Tel Aviv, January 24: Israel is heading toward a new war with Lebanon’s Shiite movement Hezbollah, a cabinet minister warned Saturday in remarks carried by military radio and the Ynet news website.
“We are heading toward a new confrontation in the north but I don’t know when it will happen, just as we did not know when the second Lebanon war would erupt,” said Yossi Peled, a minister without portfolio and a reserve army general.
He was referring to the devastating war Israel fought with Hezbollah in 2006, which killed more than 1,200 Lebanese, most of them civilians, and more than 160 Israelis, mostly soldiers.
However, Israeli flights over Lebanon occur on an almost daily basis and are in breach of UN Security Council resolution 1710, which in August 2006 ended the war.
Hezbollah is part of a new coalition government formed in November by Lebanese Prime Minister Saad Hariri.
“Although Hezbollah is part of the Lebanese government, the latter has no influence on it,” Peled said.
“Unlike many others (officials) I consider that peace is not a goal in itself but only a means to guarantee our existence,” said Peled.
But in a statement issued on Saturday after Peled made his comments, hardline Prime Minister Benjamin Netanyahu claimed that “Israel does not wish at all to have a confrontation with Lebanon.”

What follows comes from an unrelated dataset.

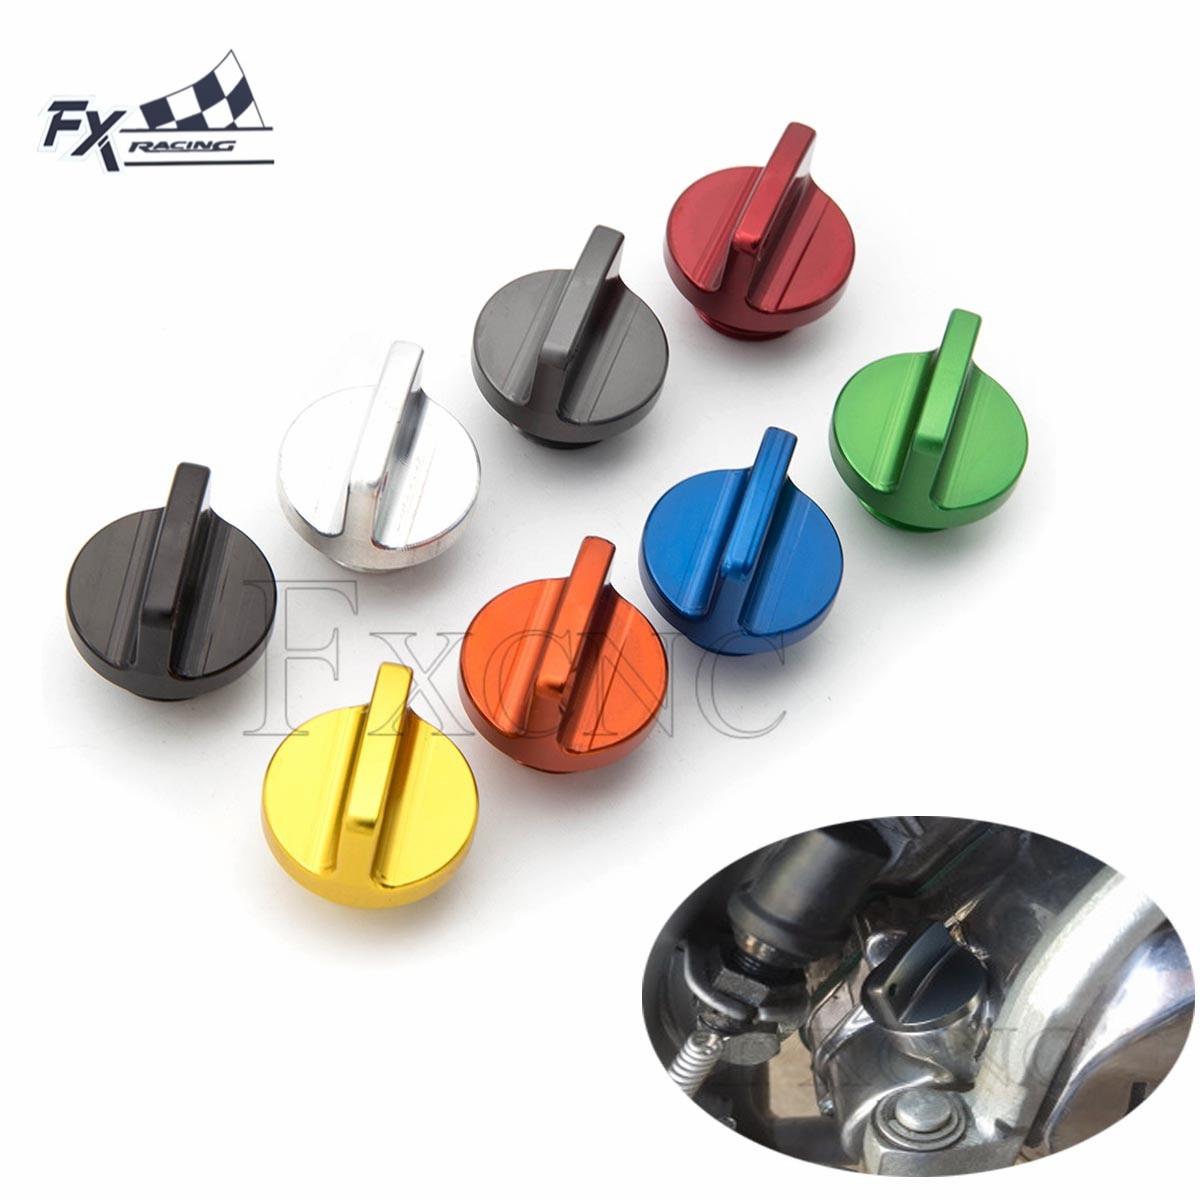 M20*2.5mm Oil Filler Cap Plug For Honda CR CRF 125R 150R 250R 450R CB600F CBF600 CBF1000 For Yamaha YZ 65 80 125/X 250/X YZ250F

Hezbollah chief Hassan Nasrallah warned Israel on Friday against launching a new war against Lebanon.
Nasrallah said that Israel was again beating the drums of war to try to restore its military’s reputation as an invincible regional force.
Hezbollah, originally a resistance group formed to counter an Israeli occupation of south Lebanon, had forced the Israeli military out of Lebanon in 2000. Israel, however, continues to occupy the Lebanese Shabaa Farms.